Front-end advancement: Summary of several commonly used js search algorithms and performance comparisons

Preface

Today, let us continue to talk about the js algorithm. Through the following explanation, we can understand the basic implementation of the search algorithm and the performance of various implementation methods, and then discover the performance differences of for loop, forEach, and While , we will also understand How to do algorithm sharding through web worker, greatly improve the performance of the algorithm.

At the same time, I will also briefly introduce the classic binary algorithm and hash table lookup algorithm , but these are not the focus of this chapter. Later I will launch a corresponding article to introduce these advanced algorithms in detail. Interested friends can follow my column or join us Explore.

For algorithm performance, we will still use the getFnRunTime function in the previous chapter "Front-end Algorithm Series" How to increase the front-end code speed by 60 times . If you are interested, you can check and learn it. I won't explain too much here.

In the last chapter "Front-end Algorithm Series" how to increase the front-end code speed by 60 times, we simulated 19,000 pieces of data.
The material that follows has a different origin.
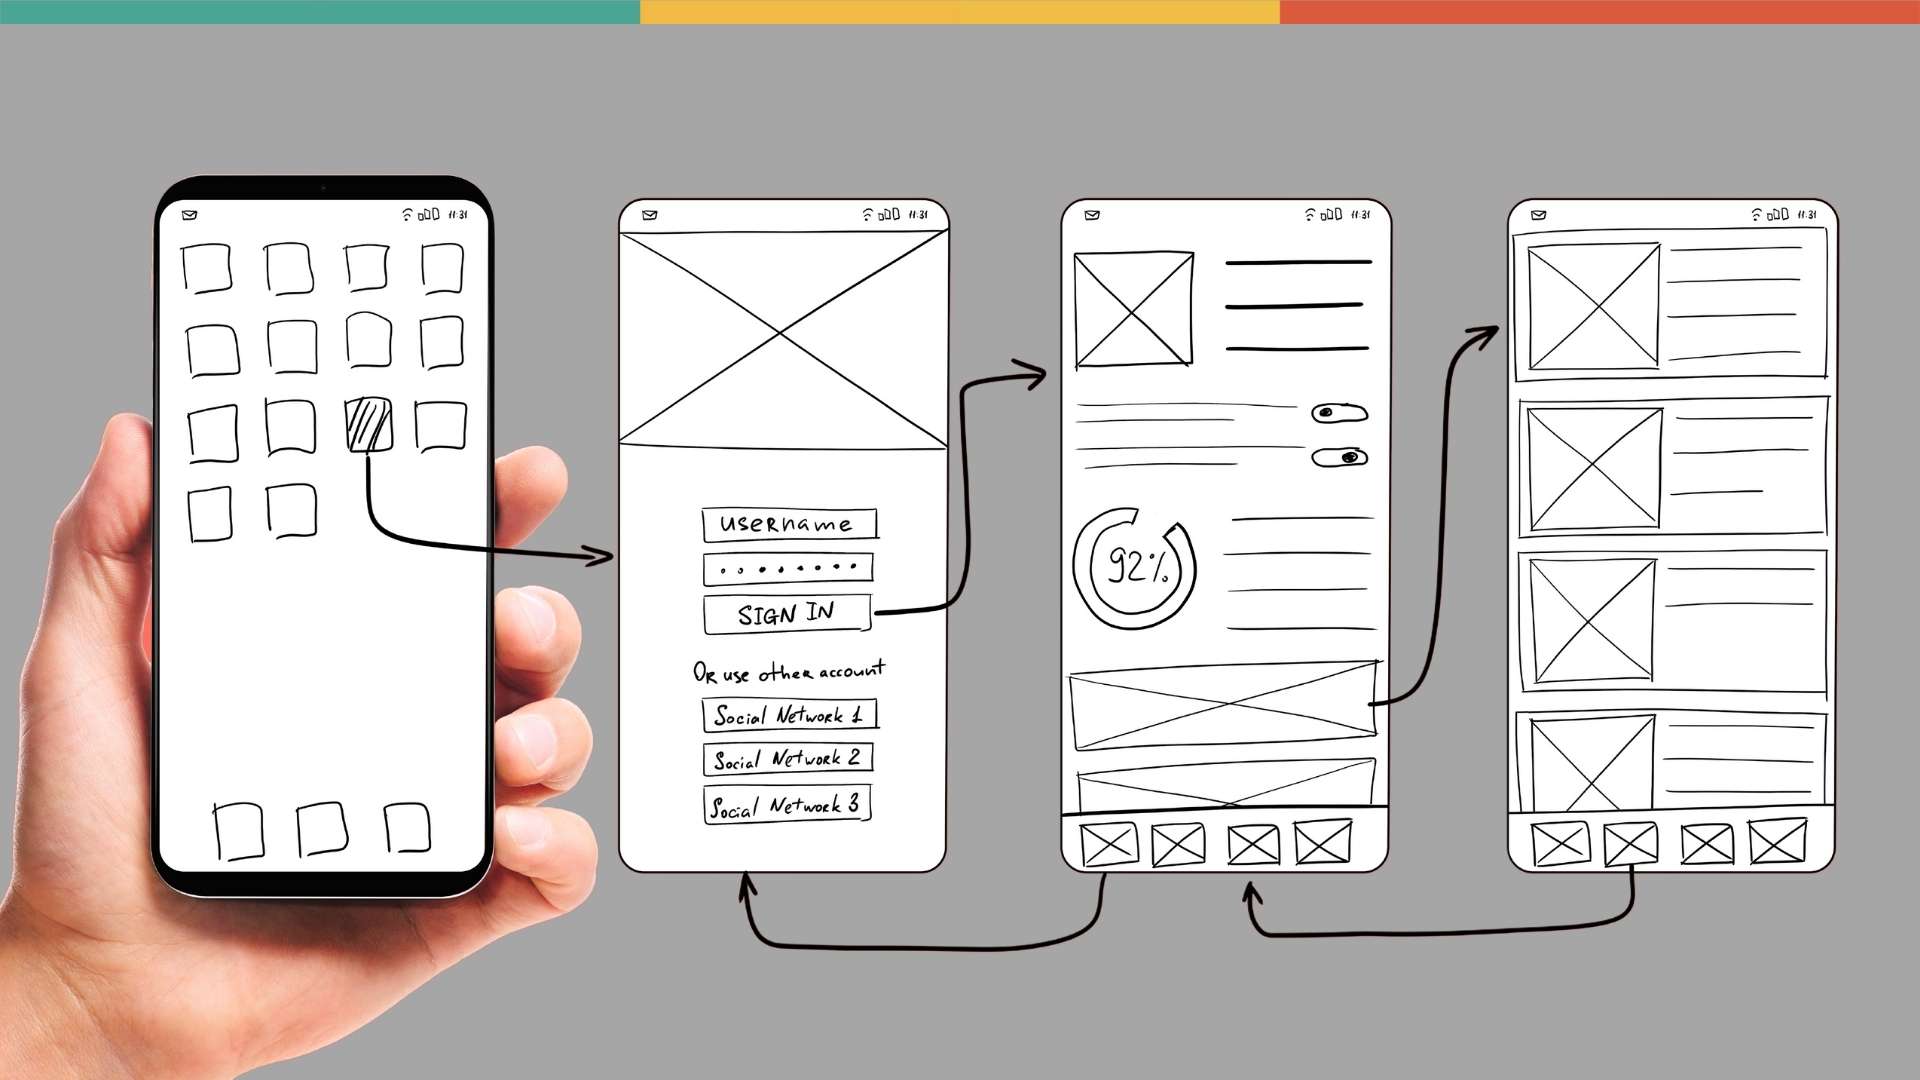 The Process of Mobile App Design: From Ideation to Wireframing

In this chapter, in order to make the effect more obvious, I will fake 1.7 million pieces of data to test, but believe me, come to js Said this is nothing. . .

1. for loop search

Basic idea: traverse the array through a for loop, find the index of the value to be searched in the array, and push it into the new array

The code is implemented as follows:

const getFnRunTime = require('./getRuntime');

 /**
  * 普通算法-for循环版
  * @param {*} arr 
  * 耗时：7-9ms
  */
 function searchBy(arr, value) {
     let result = [];
    for(let i = 0, len = arr.length; i < len; i++) {
        if(arr[i] === value) {
            result.push(i);
        }
    }
    return result
 }
 getFnRunTime(searchBy, 6)

The results after testing for n times of stabilization are as follows:

2.forEach loop

The basic idea is similar to the for loop:

/**
  * 普通算法-forEach循环版
  * @param {*} arr 
  * 耗时：21-24ms
  */
 function searchByForEach(arr, value) {
    let result = [];
    arr.forEach((item,i) => {
        if(item === value) {
            result.push(i);
        }
    })
   return result
}

It takes 21-24 milliseconds, and it can be seen that the performance is not as good as the for loop (for the time being, the essence is the same).

3.while loop

code show as below:

/**
  * 普通算法-while循环版
  * @param {*} arr 
  * 耗时：11ms
  */
 function searchByWhile(arr, value) {
     let i = arr.length,
     result = [];
    while(i) {
        if(arr[i] === value) {
            result.push(i);
        }
        i--;
    }
    
   return result
}

It can be seen that while and for loops have similar performance, they are both excellent, but it does not mean that forEach performance is not good, so they are not used. Compared with for loop, foreach has reduced code, but foreach relies on IEnumerable. The efficiency is lower than for loop at runtime. But it is more convenient to use foreach when dealing with loops with uncertain loop times or when the loop times need to be calculated. And after the code of foreach is optimized by the code of the compilation system, it is similar to the for loop.

4. Binary search

More application scenarios of binary search are in an array with unique and ordered values in the array. Here we will not compare its performance with for/while/forEach.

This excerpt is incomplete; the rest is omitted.